Thursday, June 12, 2008


What’s In A Name?

TBC will be providing on the ground coverage from our Cynyx in Iowa and surrounding states. As some of you may recall, we had several Cynyx covering the Iowa caucus. One actually lives in Iowa. Another, we sent there for the Caucus and he remained. He had been incarcerated, recently released, so he’s good to go. Of course other Cynyx will be contributing their reporting, perspective and opinion as usual.

(June 12, Cosgrove, IA)

The last 500 year flood was followed by the last 100 year flood which actually occurred 15 years ago. So what, a flood is a flood: 500 years, 100 years, last year. It really does not matter when what was once dry land surrounding you now is an endless expanse of rippling water. Actually the 500 and 100 year terms are often mistaken. They do not represent the frequency of the flood rather what the probability is, the likelihood that such a flood occur within those periods of time. So, according to NOAA and others, the present conditions here, and other parts of Iowa, conspire as such only one time every 500 years. Ergo, once and only once, per 500 years, will these particular variables coalesce to produce a flood of this particular scale and scope. It’s about the magnitude of the event, not the interval between occurrences. Of course, so it is for the 100 year variant.

Now, that’s out of the way, where have we gotten? There is water here, a lot of water. Water in the fields; water over roads. A whole lot of water. But, you already knew that.

The current video images coming out of the Midwest are certainly dramatic. The flash flood is a dramatic, traumatic, acute destructive force that transforms lives and landscapes quickly. Aerial images show houses washing away empowered by torrents of fast moving muddy waters. Herds of cattle stand tightly packed on a small island of relatively high ground.

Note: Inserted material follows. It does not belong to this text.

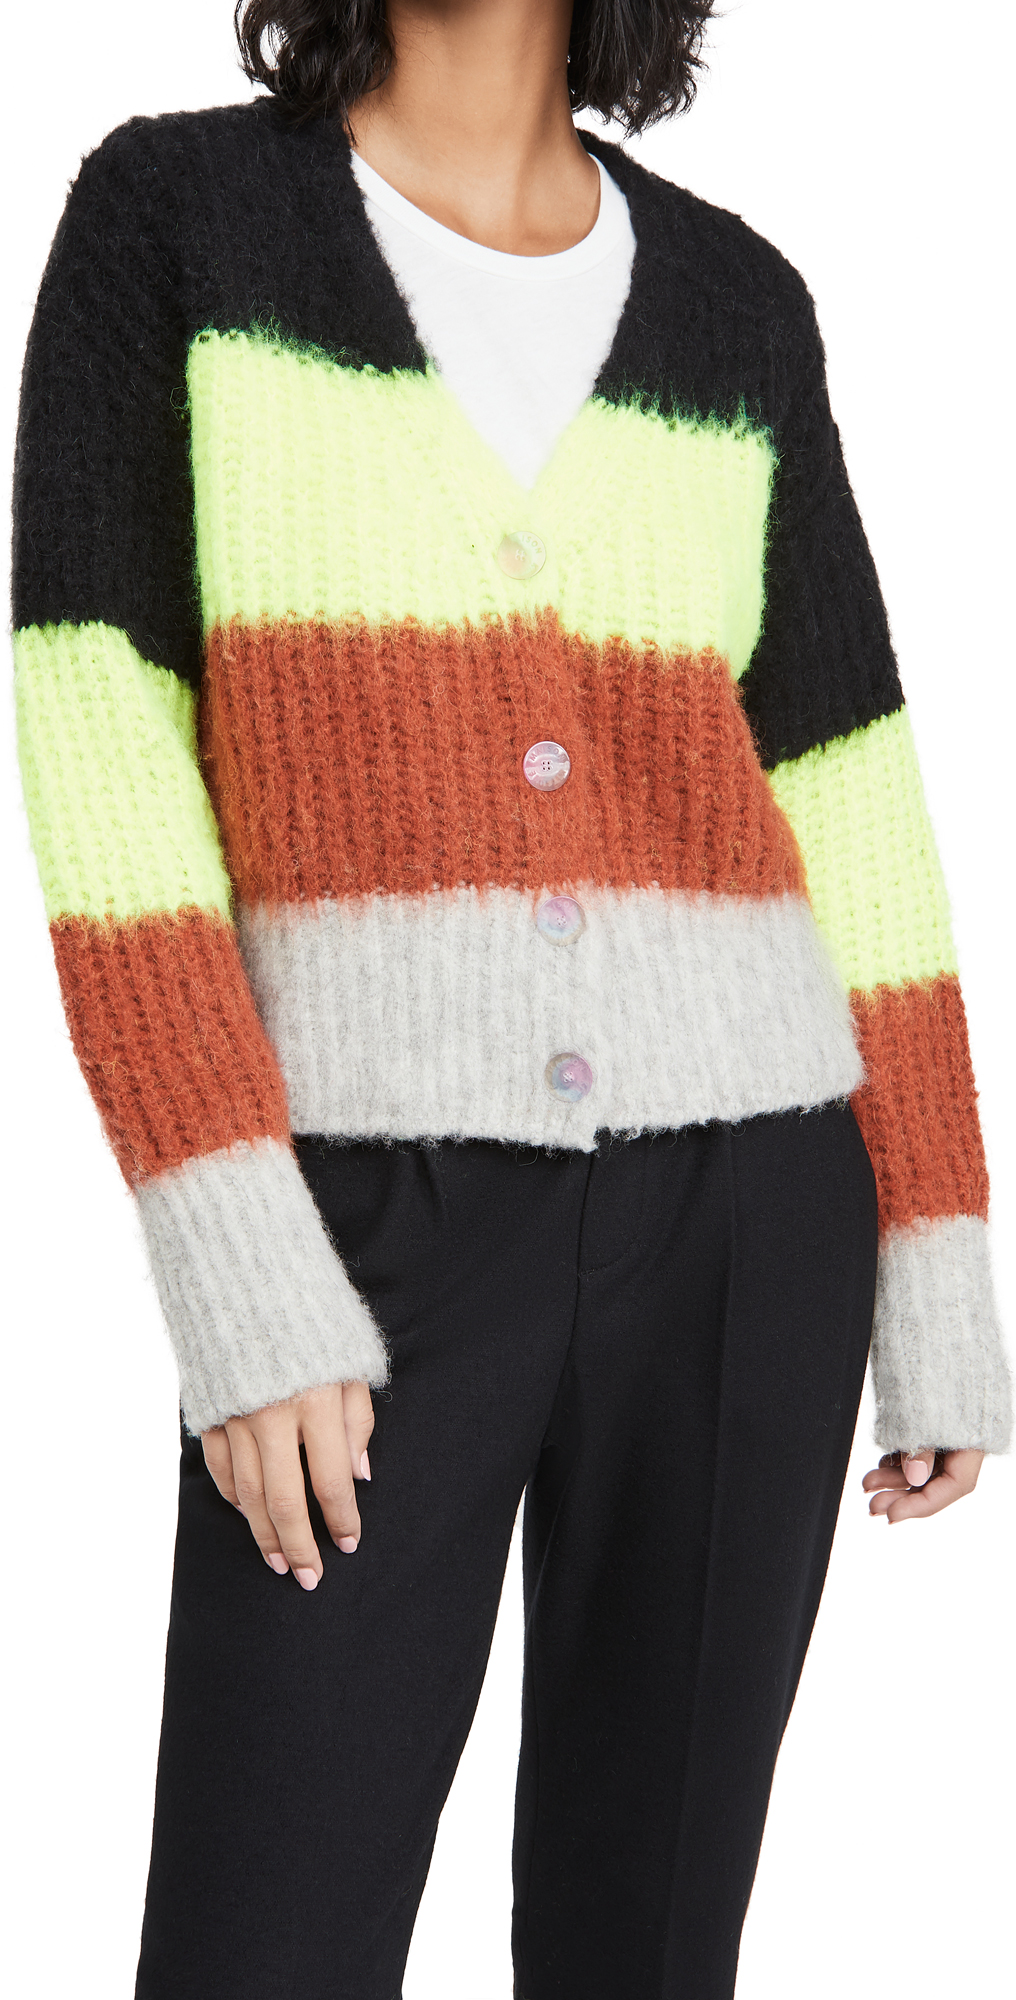 Maison Kitsune Fluffy Stripes Boxy Cardigan

Not as dramatic, far more insidious is the flood that’s coming. Initially the only indications that trouble may be pending are visual. Driving to and from work occasionally crossing a bridge spanning a benign rural creek, the creek seems higher, wider. Looking out at the fields the first sign is standing water. Day by day the standing water increases, the creeks swell and the rivers; they change in character. Faster moving currents soon become menacing as the acres of standing water begin to expand until they are contiguous with overflowed creeks and the dangerously swollen river. Something is not right.

More attention is paid to weather reports, forecasts and predictions. Suddenly there are a great deal of numbers involved, unfamiliar numbers; not just temperature, humidity and wind speed. Now it’s all about flood stages, levee heights, and crests. This becomes a flash flood played out in ultra slow motion. Inch by inch, foot by foot the waters expand, the currents become angrier and the landscape is transformed. Normally endless rows of corn and beans would be seen emerging from the dark soil. Now, it is all about water. The questions and concerns shift as well. The issue is no longer ‘when will it recede’ but ‘how high will it get’? Points of reference are consulted, estimations made based on local lore more than science. How deep was it in that field in ’93? When did they open the spillway at the dam back then? Answers are as varied as are memories. Points of reference provide little, if any, comfort.

Practical matters assume an uncommon urgency. Water, food, sandbags…what will need to be done to prepare? Personal possessions are thoughtfully assessed. Would I miss that? What should definitely be protected, removed, taken if evacuation is in order? As the water rises, as the rains continue, things begin to grow ominously to the north: up river, up stream, up above where ever it may be that is yours. Everything runs south and if it’s that bad now ‘up there’; by next week we’ll be in trouble down here.

And so it goes. The weather forecasters become more animated, the predictions more dire, local government agencies begin to mobilize. There is nothing “flash” about this maddening wait for the inevitable. Meanwhile, it the rains continue. Reports from other part from other parts of the state and region tell of other floods, tornados, hail, damaging winds and the sudden, tragic loss of life and property. The power of nature, once full exerted, can do what she will.

World wide, natural disasters occur. Learned experts in a variety of scientific disciplines understand the causes and affects, the events in technical terms. Some events are acute. An earthquake just suddenly happens. Or does it? Do long dormant volcanoes just suddenly blow? Perhaps there is no “acute” weather or seismic event; all either have precursors or are by products of larger systemic disturbances. Everything is connected, right? The famous “Butterfly Effect”, writ large. A distant shudder among tectonic plates far beneath a vast sea and a tsunami is born. A slowly assembling tropical depression merges with high water temperatures, winds and other variables in its evolution towards landfall as a massive hurricane. The rumbling whirling dervish that is a tornadic funnel cloud is spawned by the collision of fronts with input from radiating surface heat and the contours of the topology. Indeed: nothing in nature appears to be acute anywhere.

Meanwhile, sandbags are filled, and more sandbags are filled. Piles of sandbags appear like hoards of bloated locusts in Biblical proportions. Evacuations begin as this roadway or that becomes impassable. Water. Water in amounts, weights, water on a scale and scope in places considered ‘land’ as impressive as it is malignant. It won’t suddenly go away, it will not leave without a fight; it will have its way as sure as the earth turns.